Depletion of JARID1B induces cellular senescence in human colorectal cancer
- Katsuya Ohta
- Naotsugu Haraguchi
- Yoshihiro Kano
- Yoshinori Kagawa
- Masamitsu Konno
- Shimpei Nishikawa
- Atsushi Hamabe
- Shinichiro Hasegawa
- Hisataka Ogawa
- Takahito Fukusumi
- Mamoru Uemura
- Junichi Nishimura
- Taishi Hata
- Ichiro Takemasa
- Tsunekazu Mizushima
- Yuko Noguchi
- Miyuki Ozaki
- Toshihiro Kudo
- Daisuke Sakai
- Taroh Satoh
- Miwa Fukami
- Masaru Ishii
- Hirofumi Yamamoto
- Yuichiro Doki
- Masaki Mori
- Hideshi Ishii
- Published online on: January 25, 2013 https://doi.org/10.3892/ijo.2013.1799
- Pages: 1212-1218
Human colorectal cancer (CRC) is one of the most frequently diagnosed cancers in the Western world and a leading cause of mortality in the USA. Genetic events (mutations, deletions, genome amplifications and chromosome translocations) are involved in the initiation and progression of CRC and their stepwise accumulation is a driving force of malignancies (1). Epigenetic regulation also plays a critical role in the pathogenesis of CRC. DNA methylation is a component of the epigenetic gene-silencing complex (2), whereas histone (H3 and H4) post-translational modifications comprise a ubiquitous component of rapid epigenetic changes (3). Epigenetic changes are associated with altered transcription (4). Metastasis correlates with the loss of epithelial differentiation, induction of epithelial mesenchymal transition and the acquisition of a migratory phenotype, which are controlled by epigenetic alterations caused by the dysregulation of the transcriptome in CRC (4).

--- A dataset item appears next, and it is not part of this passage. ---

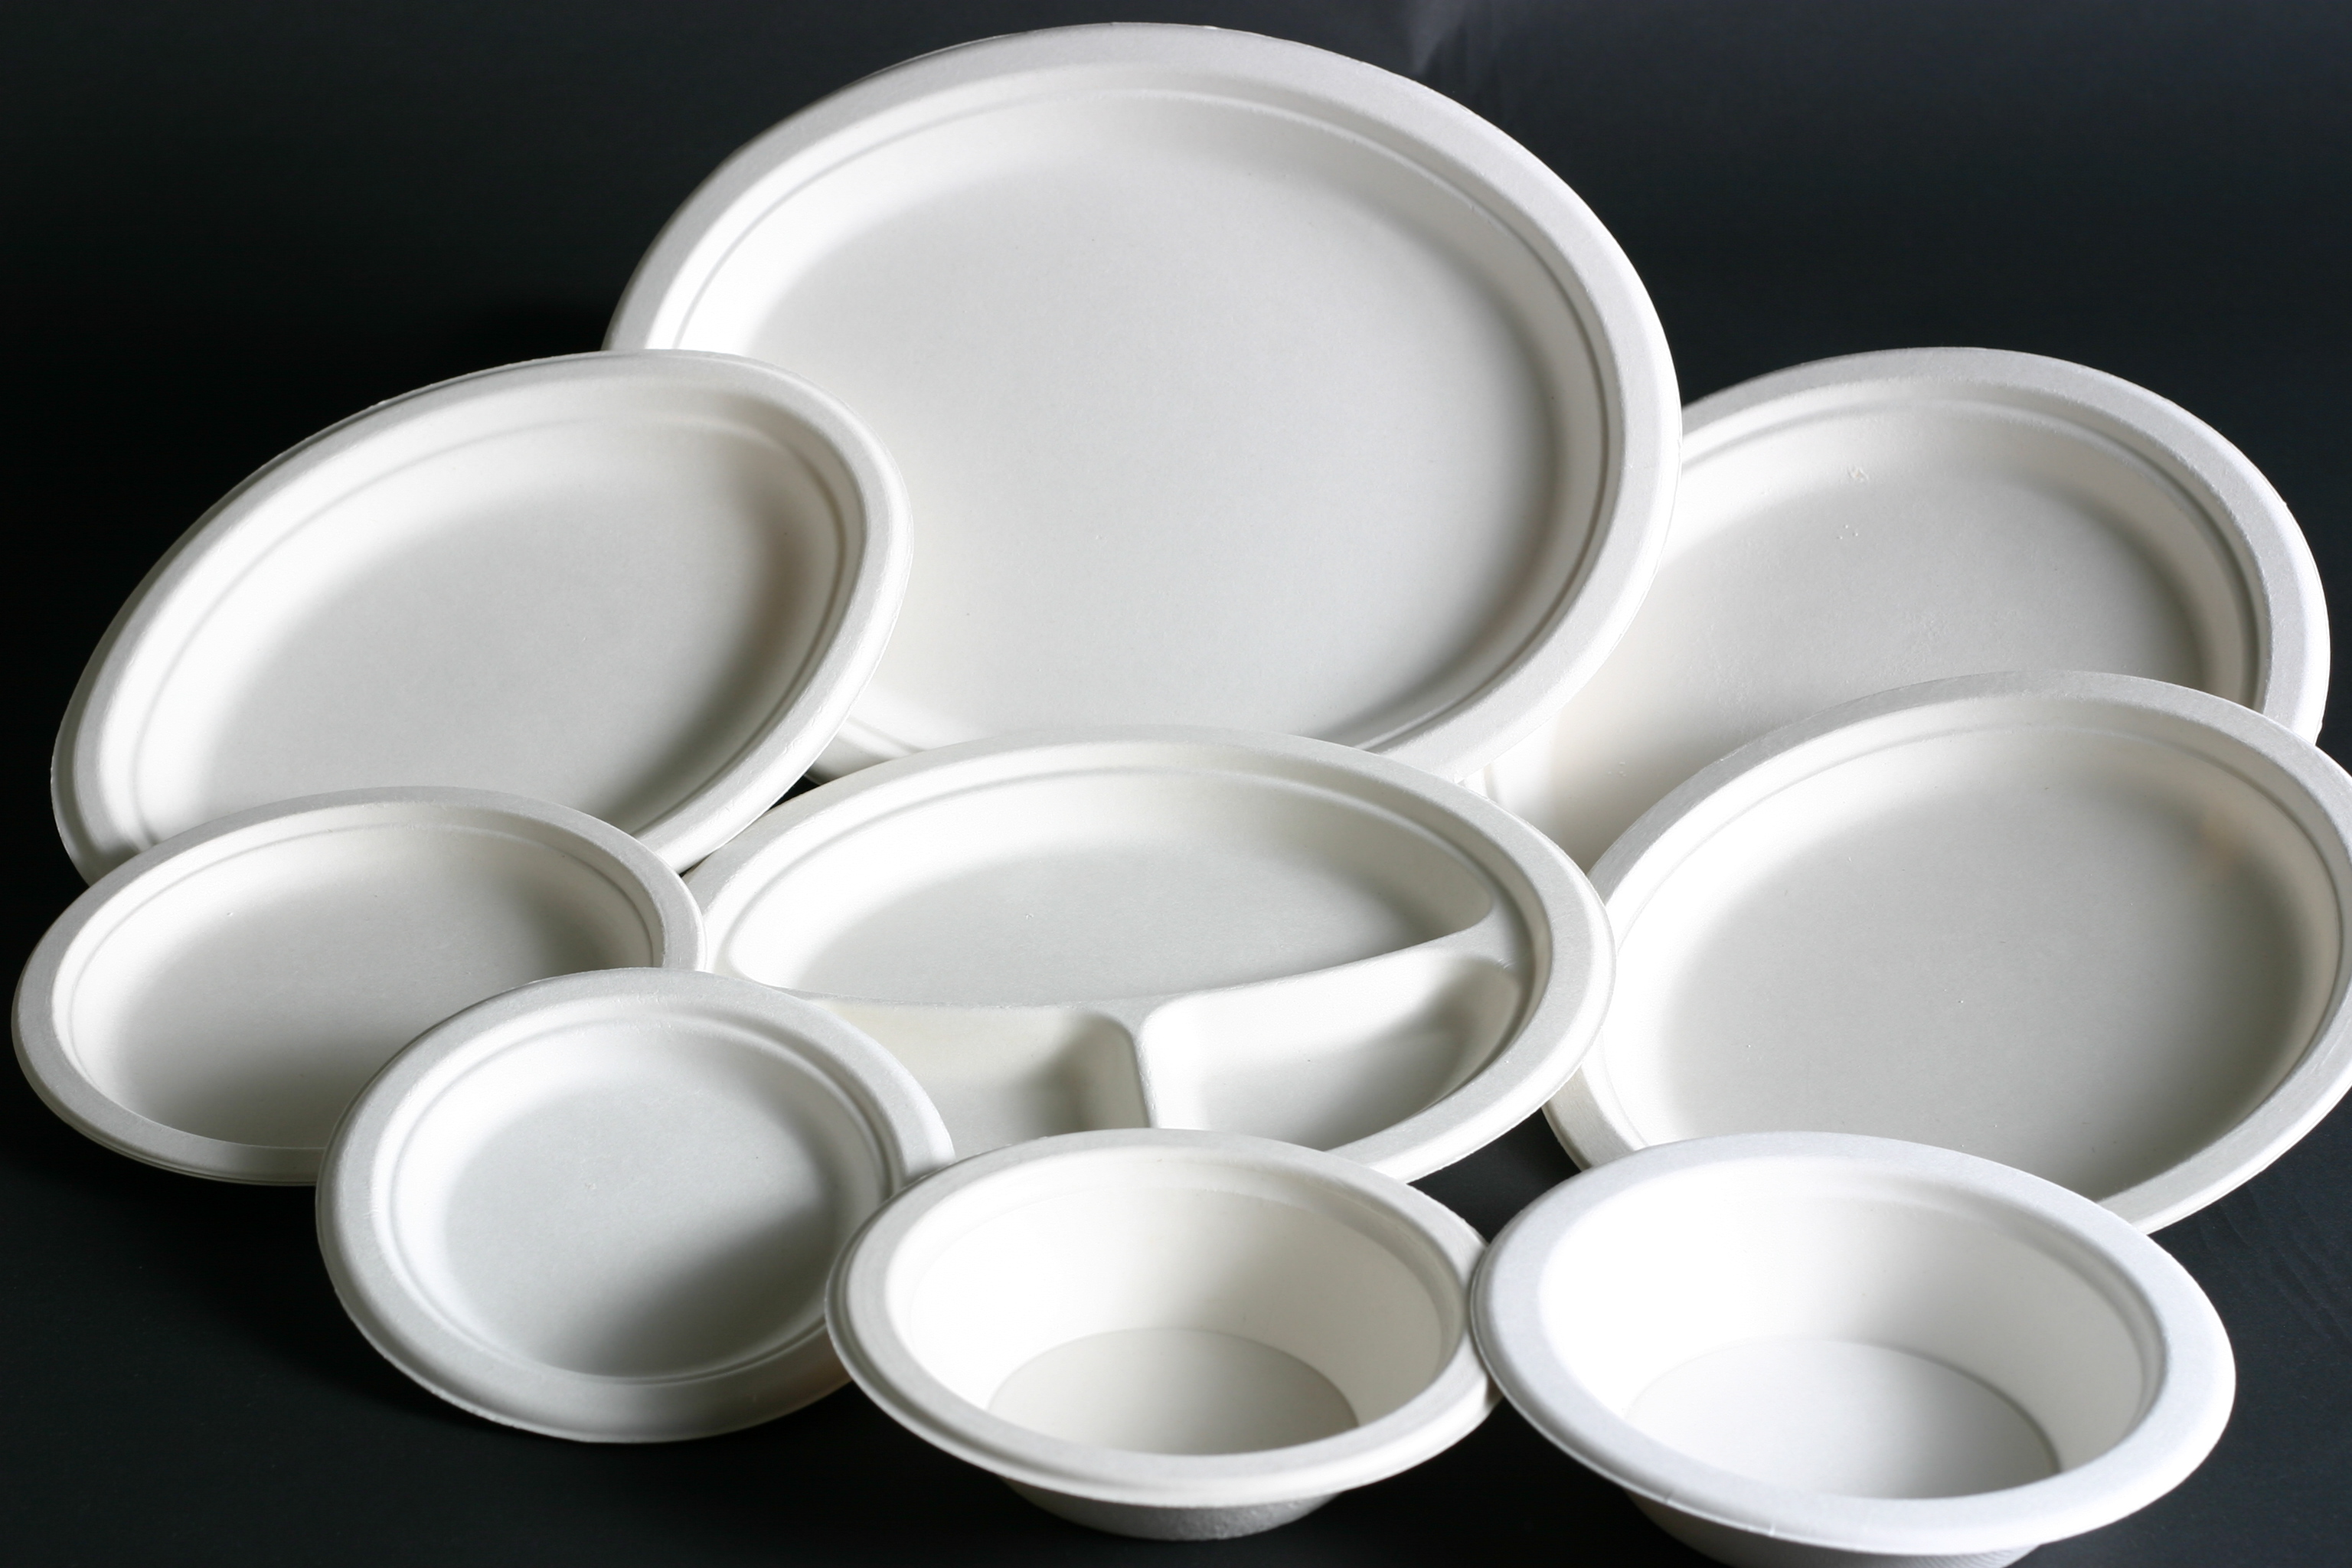 France to Ban Plastic Dishes by 2020, Decision Stirs Controversy
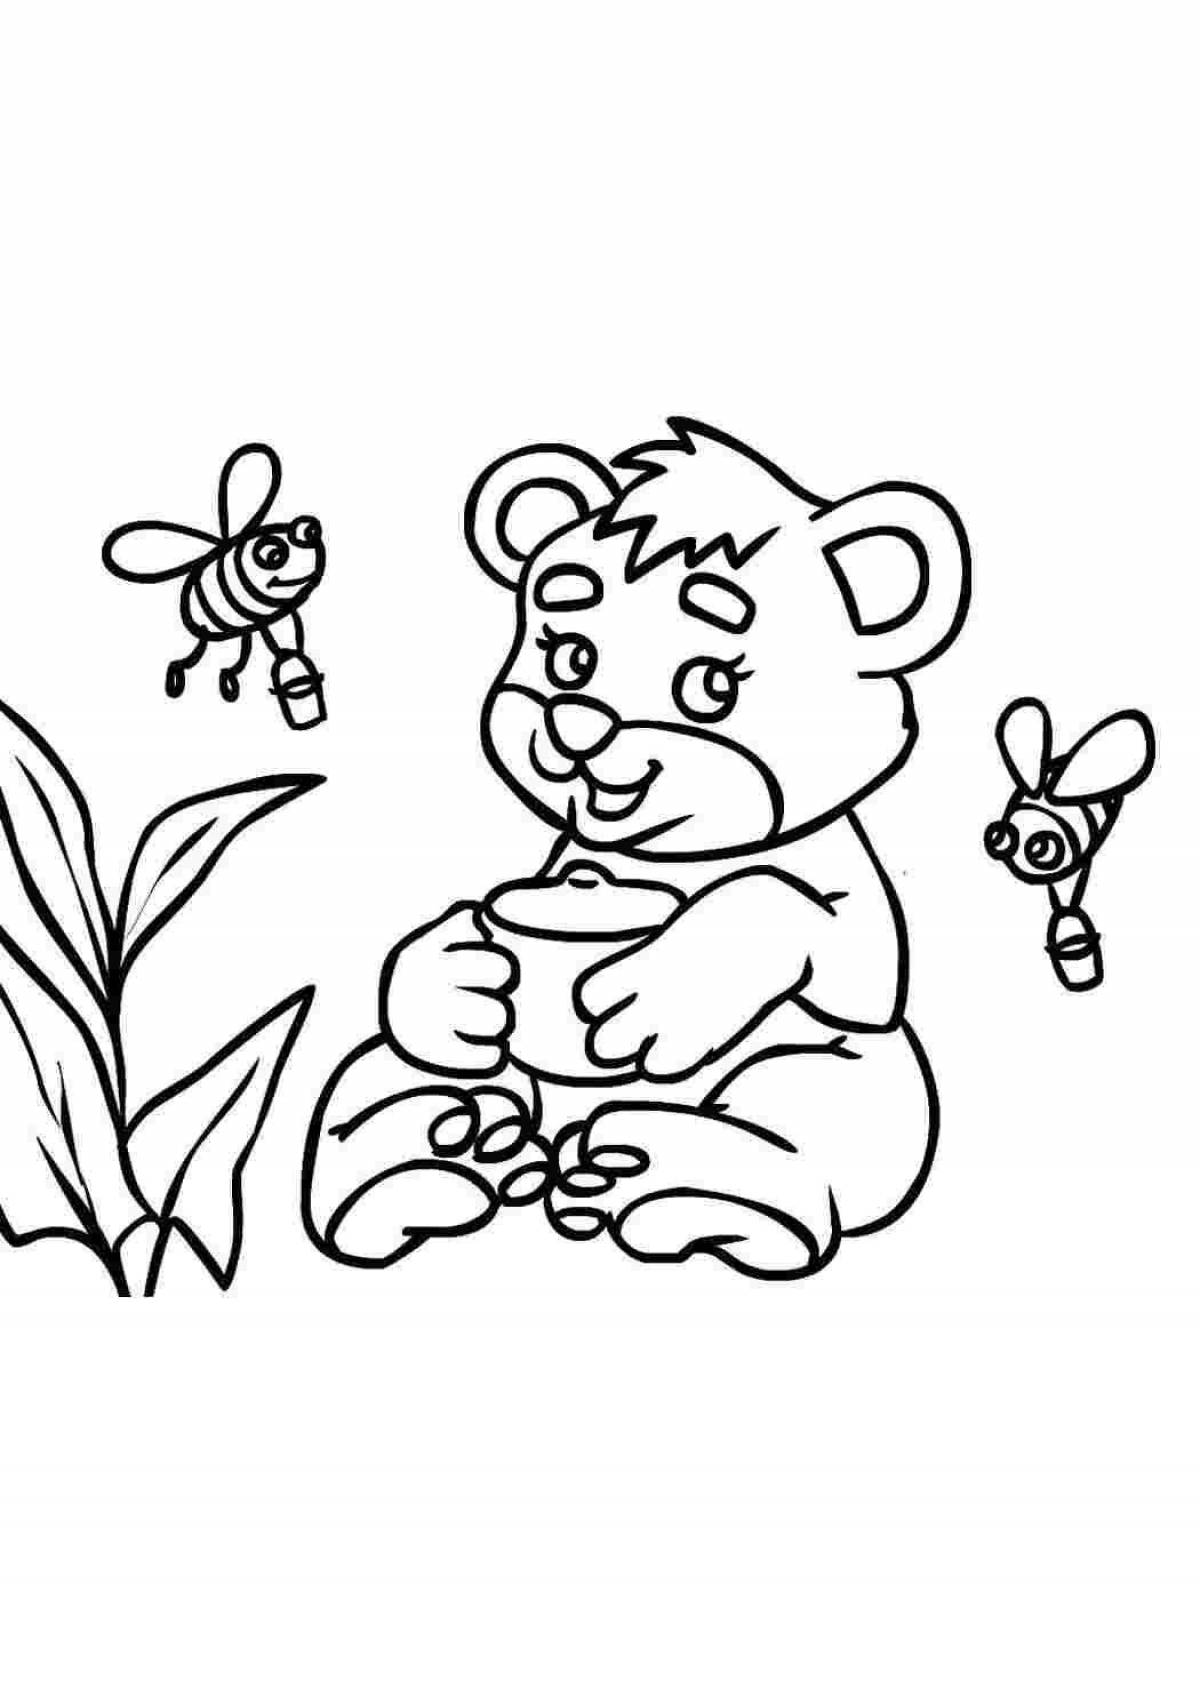 Merry bear with honey coloring book

The basic nucleosome unit has four core histone proteins (H2A, H2B, H3 and H4). Histones H3 and H4 are generally associated with active gene transcription. Their acetylation levels are crucial with respect to the chromatin status and regulation of gene expression (5). Using the H3K4 demethylase, jumonji, AT rich interactive domain 1B (JARID1B), as a biomarker, a small subpopulation of tumor-initiating cells was isolated from a melanoma sample (6). JARID1B depletion has been shown to eliminate melanoma cell growth (6). Therefore, in this study, we investigated the effect of JARID1B depletion by lentiviral transfer of small hairpin RNA (shRNA) molecules on CRC cells. We identified a novel phenotype and cellular senescence in CRC induced by continuous JARID1B depletion, as well as tumor elimination and regression, which suggests a potential role for JARID1B in CRC diagnosis and therapy.
Materials and methods
Immunohistochemical staining was performed on 4-μm sections of formalin-fixed, paraffin-embedded surgical tumor samples. The sections were mounted, deparaffinized in xylene and rehydrated in descending concentrations of ethanol. Antigen retrieval was performed using citrate buffer (10 mM, pH 6.0) heated in a pressure cooker for 5 min. The blocking of endogenous peroxidases was accomplished by incubating the sections in 3% hydrogen peroxide (H2O2; Wako Pure Chemical Industries, Ltd.) for 5 min. The sections were incubated with rabbit anti-JARID1B antibody (1:100; Novus Biologicals) overnight at 4°C. Immunostaining for JARID1B was performed using the Envision + Dual Link System and Vectastain ABC kit (Vector Laboratories) according to the manufacturer’s instructions. The sections were counterstained with hematoxylin and eosin.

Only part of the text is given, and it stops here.